I have made a benchmark of the subroutine sgetrs solving a linear system after an LU factorization (sgetrf). I used these materials :
a GPU Nvidia Geforce 9600M with 16 cores, 1250Mhz, 512MO DRAM and a CPU Intel Core 2 Duo with 3,06Ghz and 4GO DDR3.

The results (Time is in milliseconds):
Image

I don't understand why MAGMA subroutine takes more time than LAPACK (ACML) subroutine?


Someone tried to use this subroutine?

This is the benchmark of the subroutine SGETRF (MAGMA & LAPACK) :
Image

Thank you for your answer !
JulienECE
 
Posts: 4
Joined: Tue Mar 16, 2010 7:30 am

Re: MAGMA_SGETRS_GPU less powerful than SGETRS (ACML) !!!

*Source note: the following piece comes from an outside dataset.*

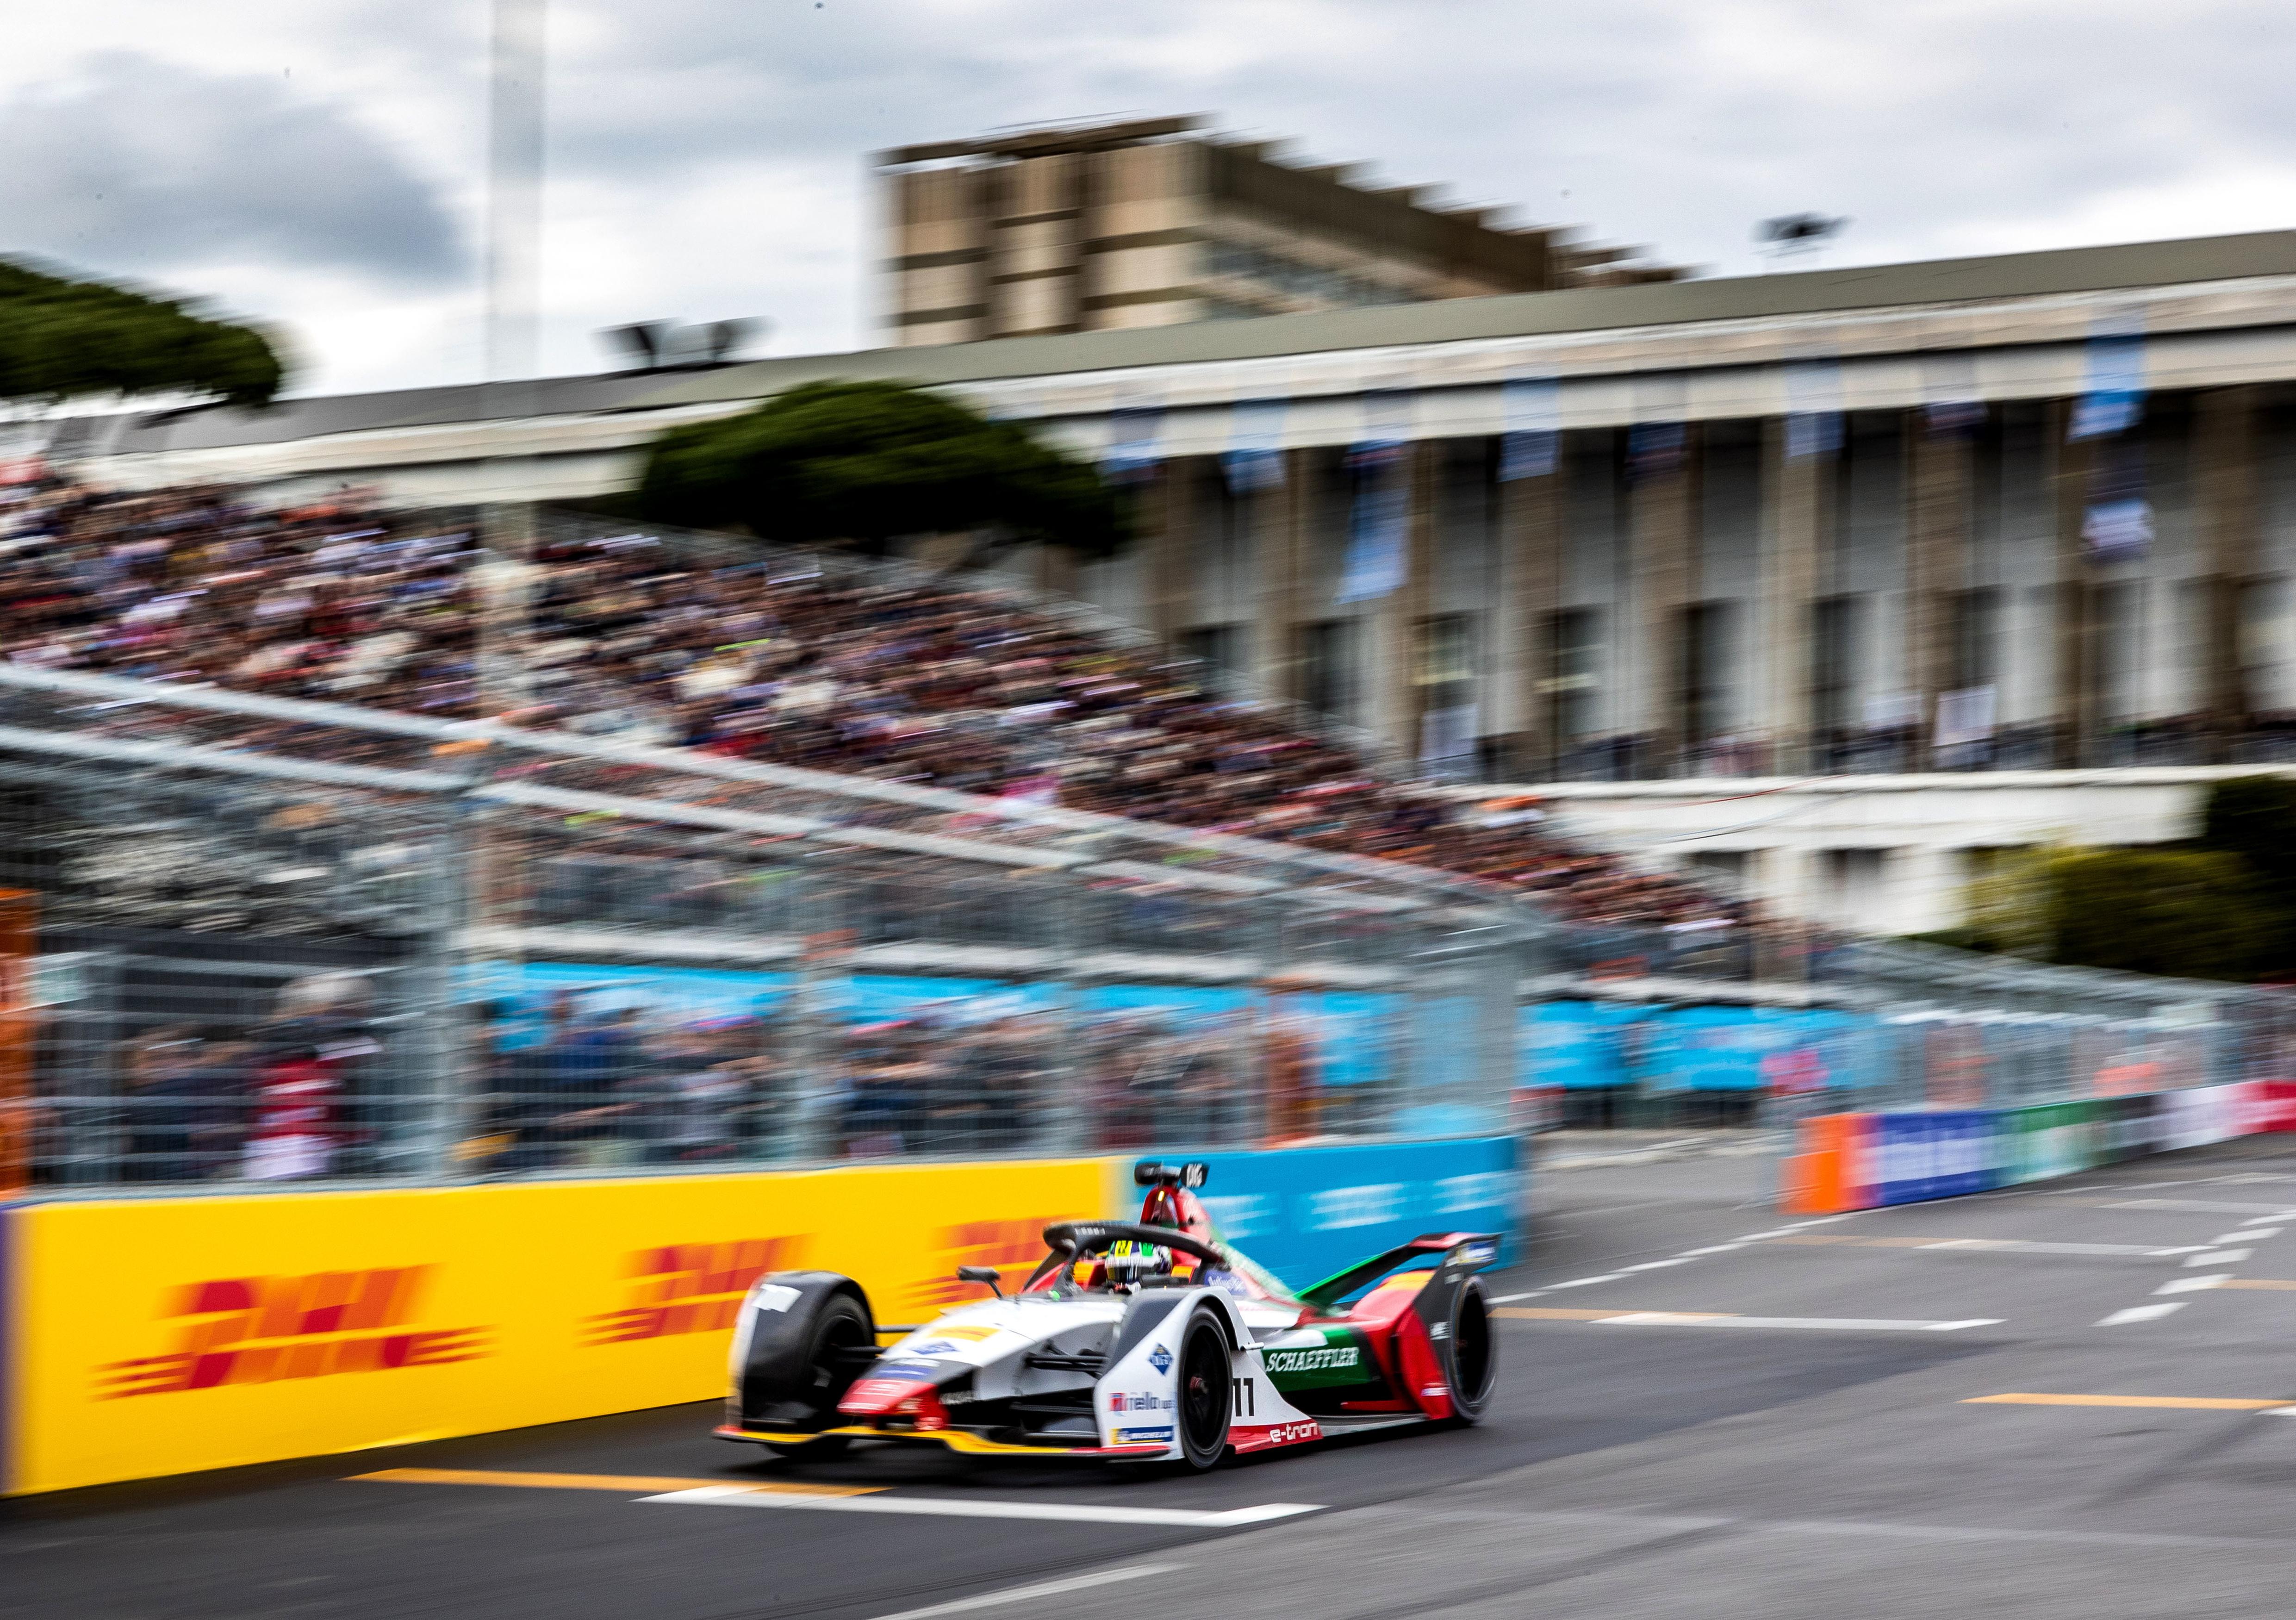 Formuła E w Paryżu: Mistrzostwa jeszcze bardziej ekscytujące!

Postby Stan Tomov » Thu Mar 18, 2010 12:45 pm

Hello,
Your benchmark must be similar to testing_sgesv_gpu from the magma distribution. Do you get lower than expected performance with testing_sgesv_gpu as well? If yes, the reason may be that the matrix that you factor does not start at address divisible by 16*sizeof(float). If no, probably you loose performance in sgetrs. Magma's sgetrs uses magma_strsm (not cublasStrsm) and a parallel implementation of slaswp.
Regards,
Stan
Stan Tomov
 
Posts: 247
Joined: Fri Aug 21, 2009 10:39 pm

Re: MAGMA_SGETRS_GPU less powerful than SGETRS (ACML) !!!

Postby JulienECE » Thu Mar 18, 2010 1:27 pm

There are almost the same results I have with sgetrf from vasily volkov routine. So, the linear system solver from MAGMA is very powerful!
I need to factorize the matrice once and after solve my linear system N times (N = 1000)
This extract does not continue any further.